(Raw data)

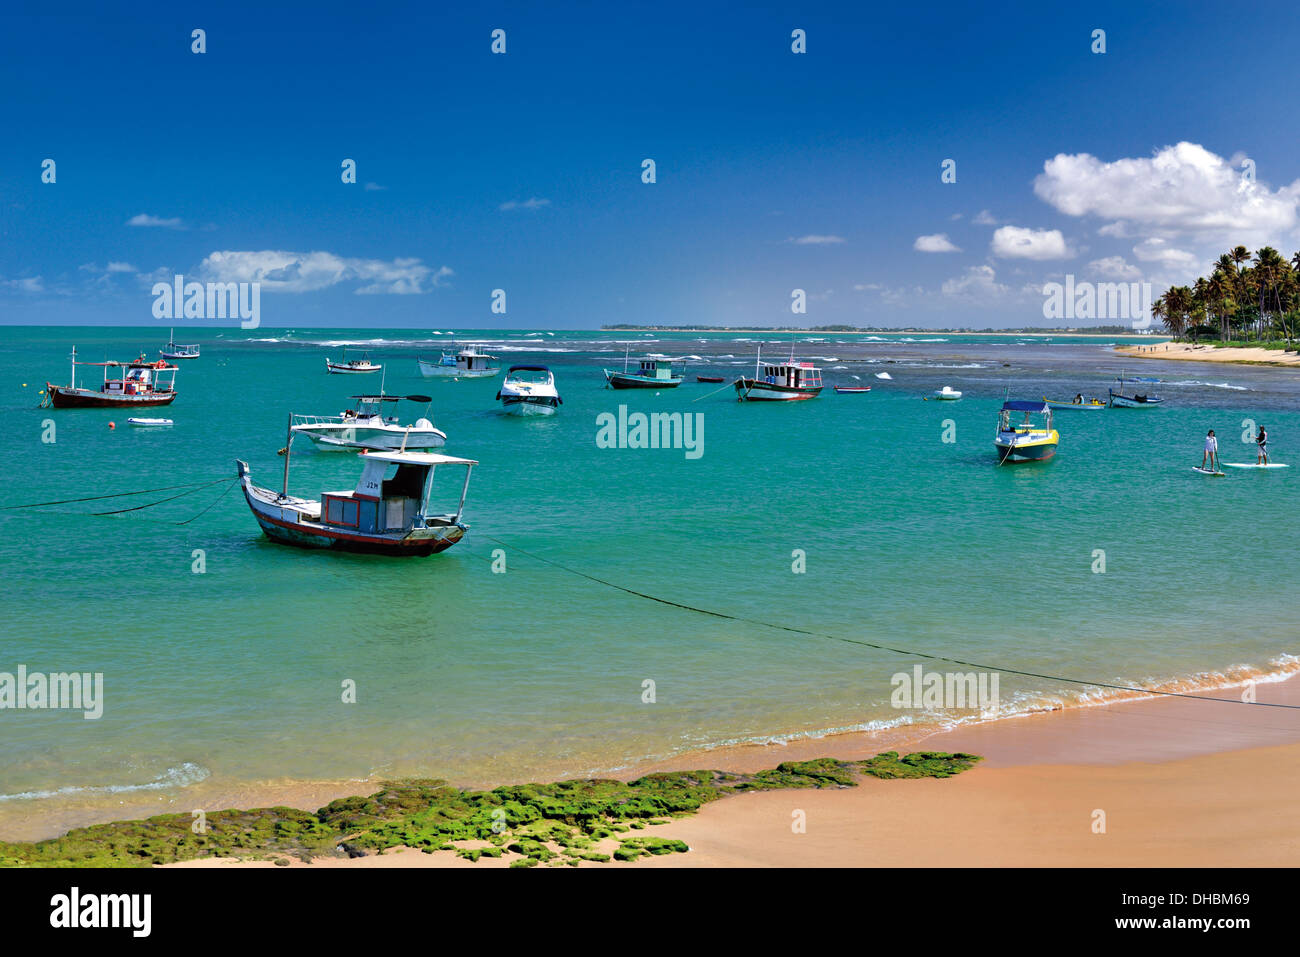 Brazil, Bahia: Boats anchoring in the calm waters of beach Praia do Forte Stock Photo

(End Raw data)
(Raw data)

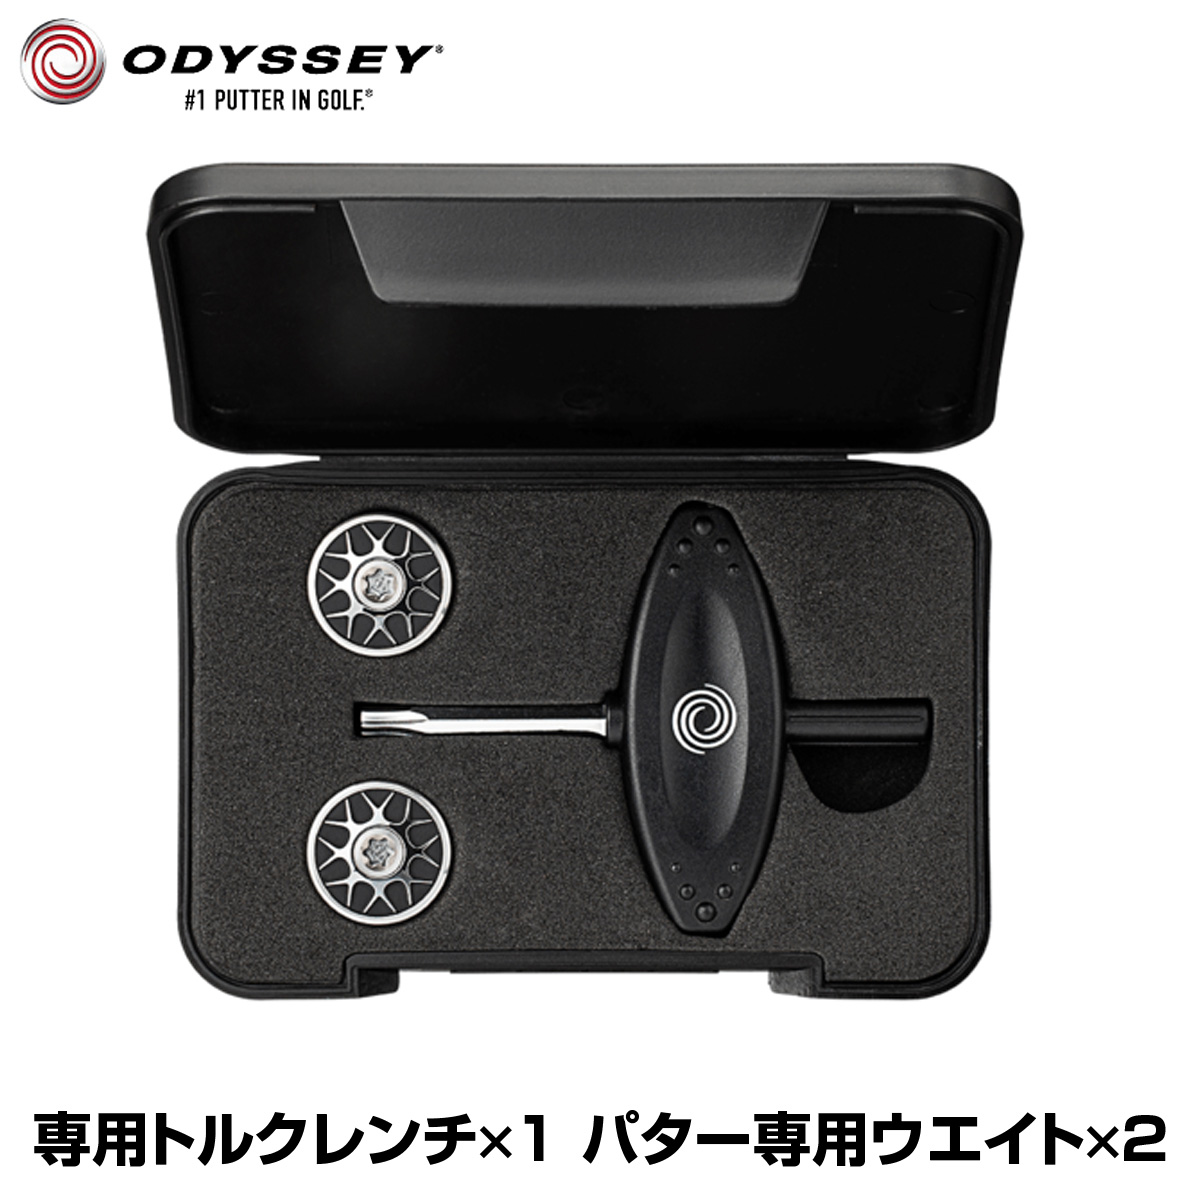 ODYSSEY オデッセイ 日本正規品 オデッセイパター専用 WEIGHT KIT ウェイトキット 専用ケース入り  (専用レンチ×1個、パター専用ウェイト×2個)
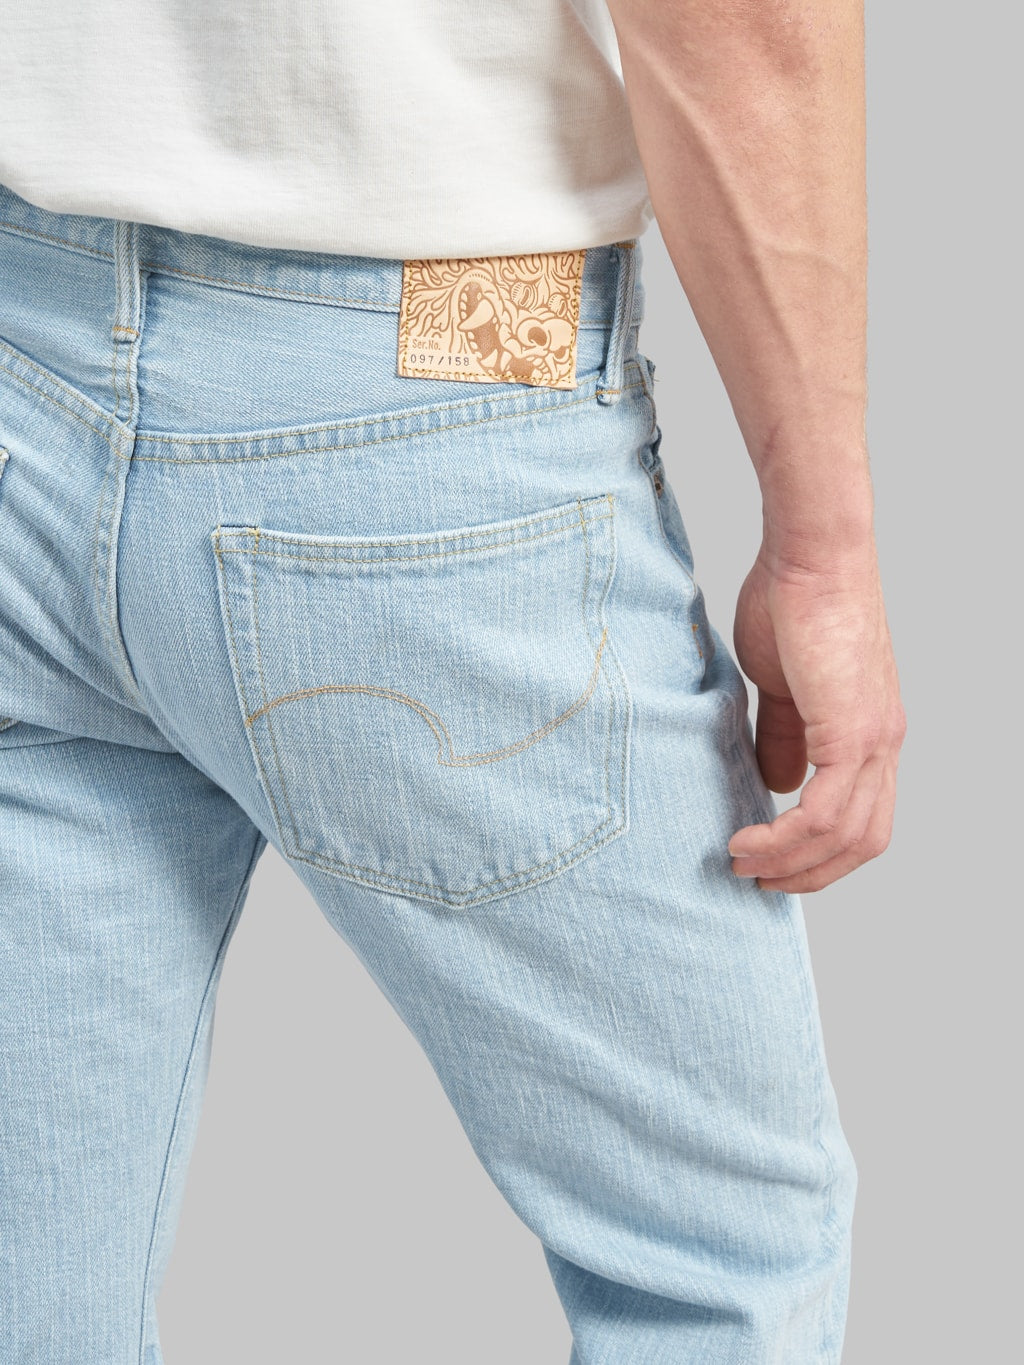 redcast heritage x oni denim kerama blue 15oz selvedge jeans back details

(End Raw data)
(Raw data)

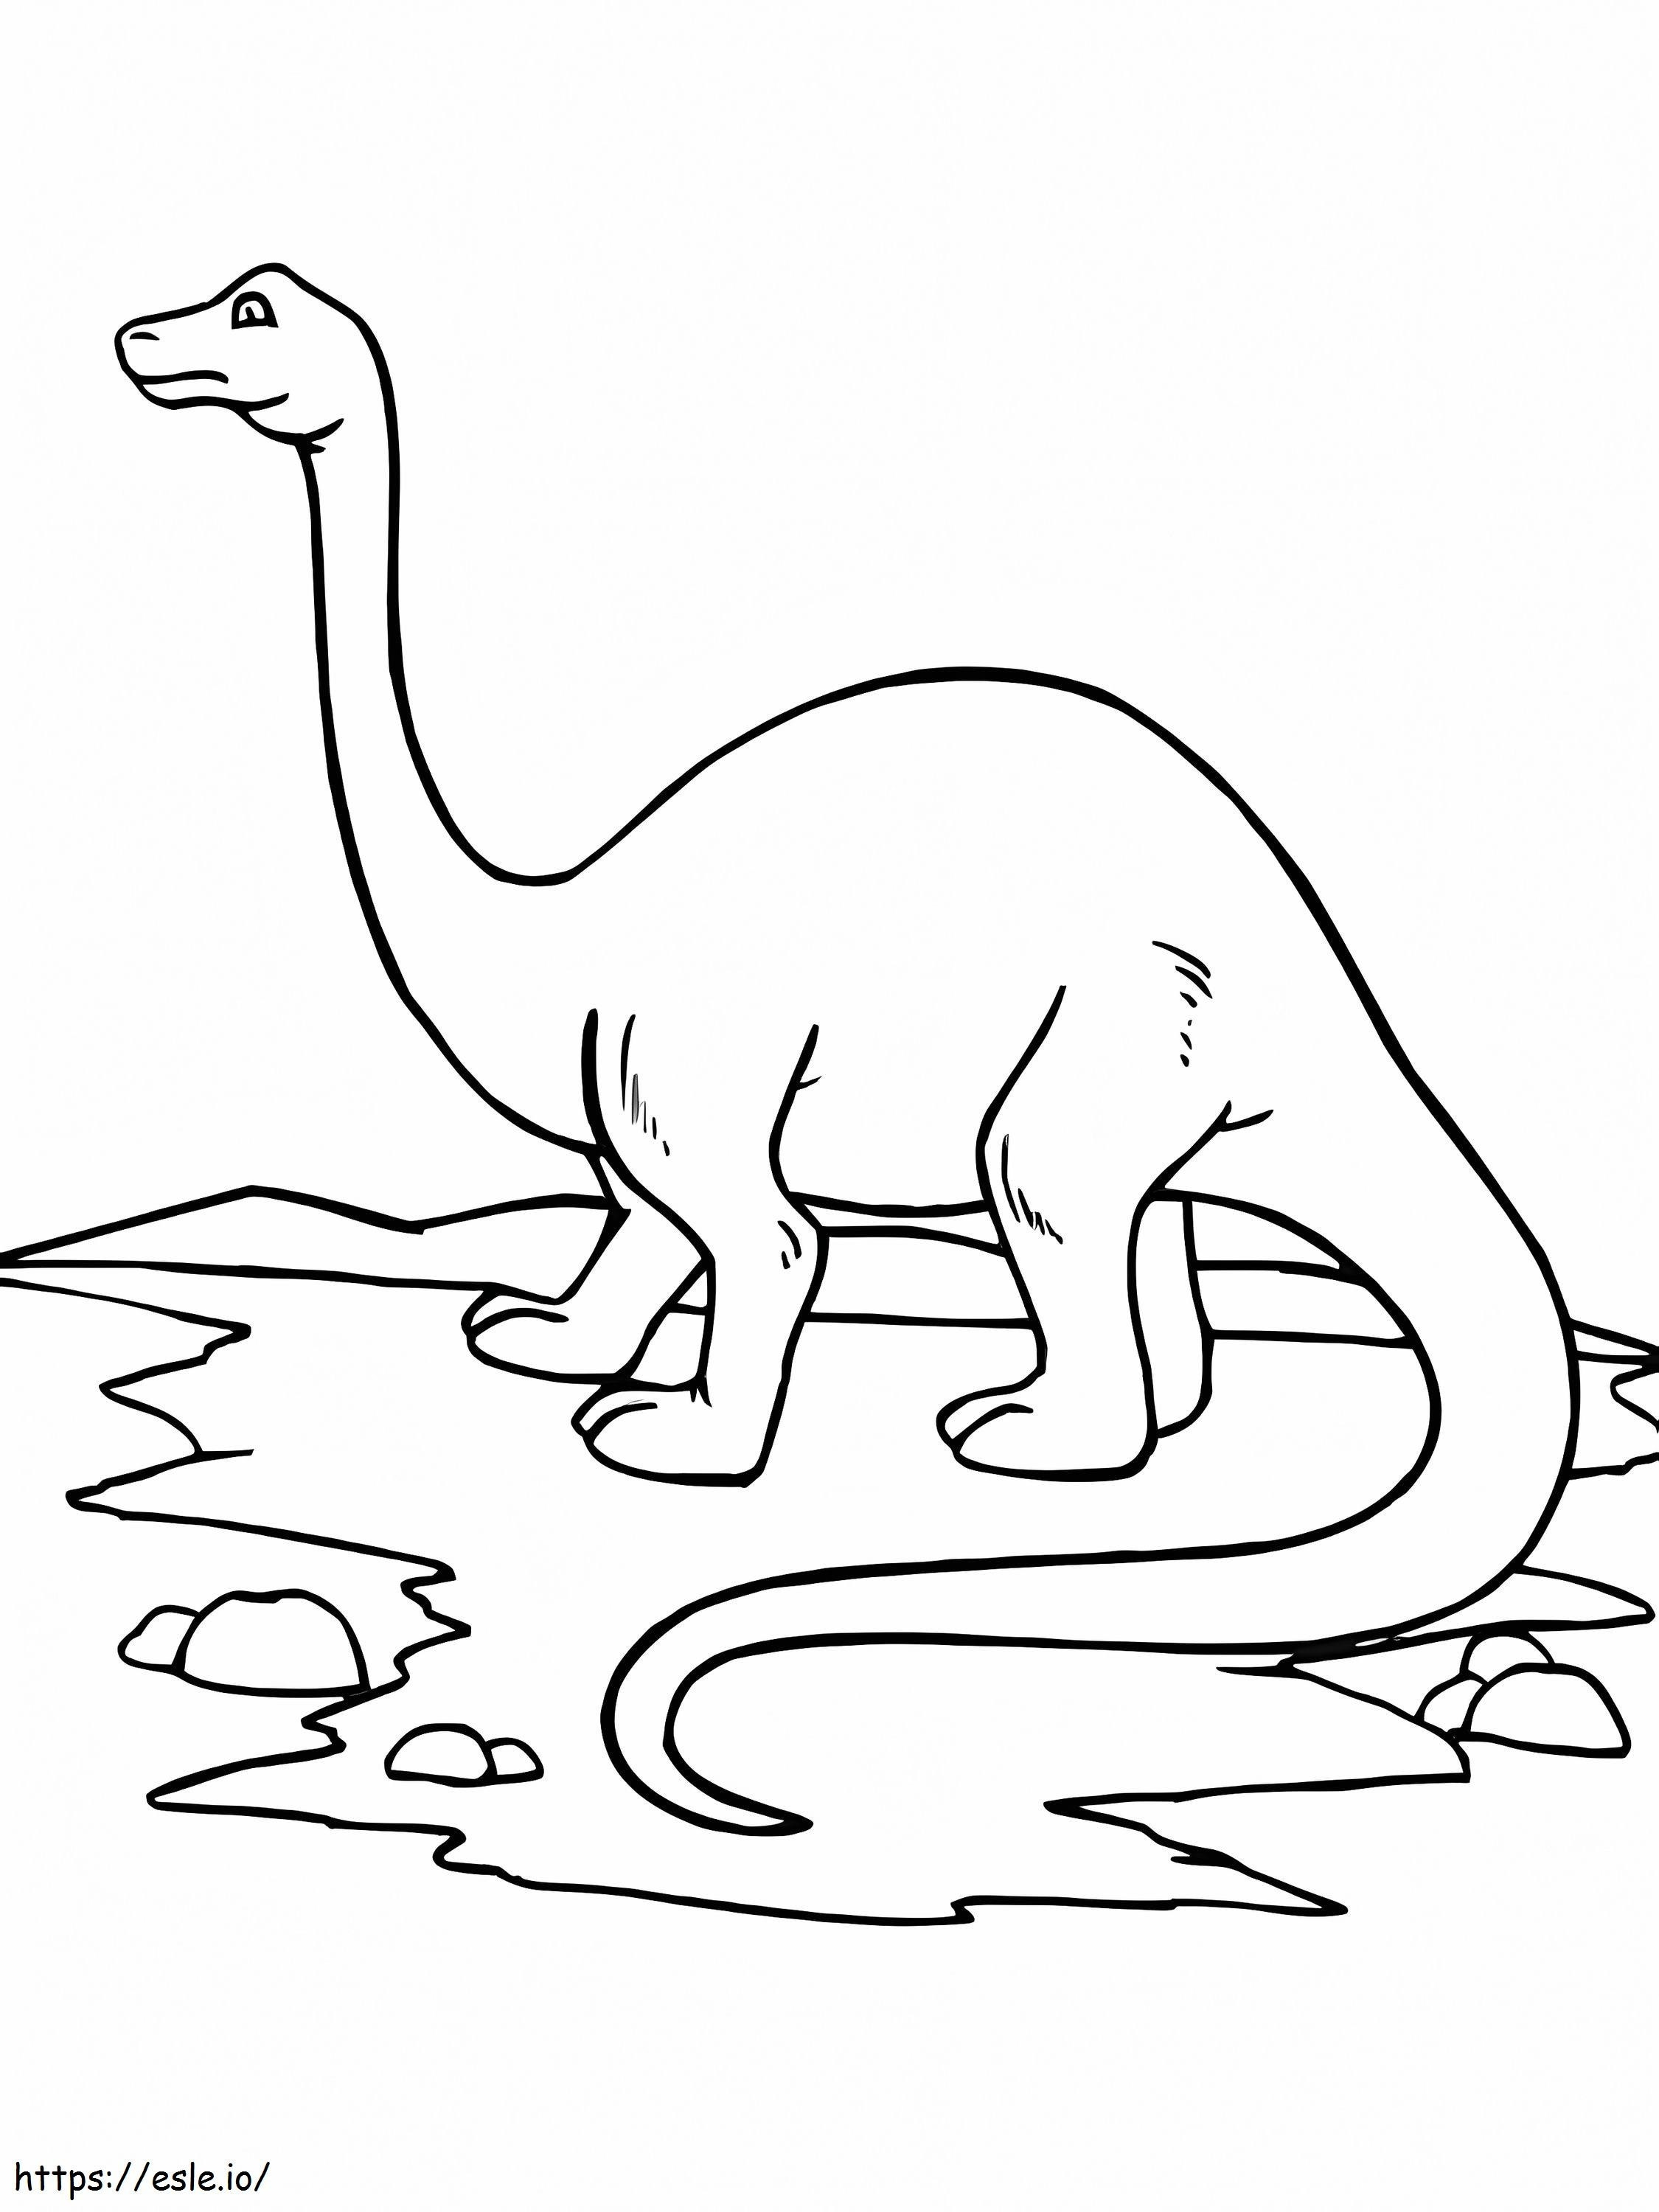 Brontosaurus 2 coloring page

(End Raw data)

The task
Your answer should be the lines above, word for word, from the line with "ODYSSEY オデッセイ 日本正規品" through the line with "redcast heritage x", minus the pictures.

Answer area
 ODYSSEY オデッセイ 日本正規品 オデッセイパター専用 WEIGHT KIT ウェイトキット 専用ケース入り  (専用レンチ×1個、パター専用ウェイト×2個)
 redcast heritage x oni denim kerama blue 15oz selvedge jeans back details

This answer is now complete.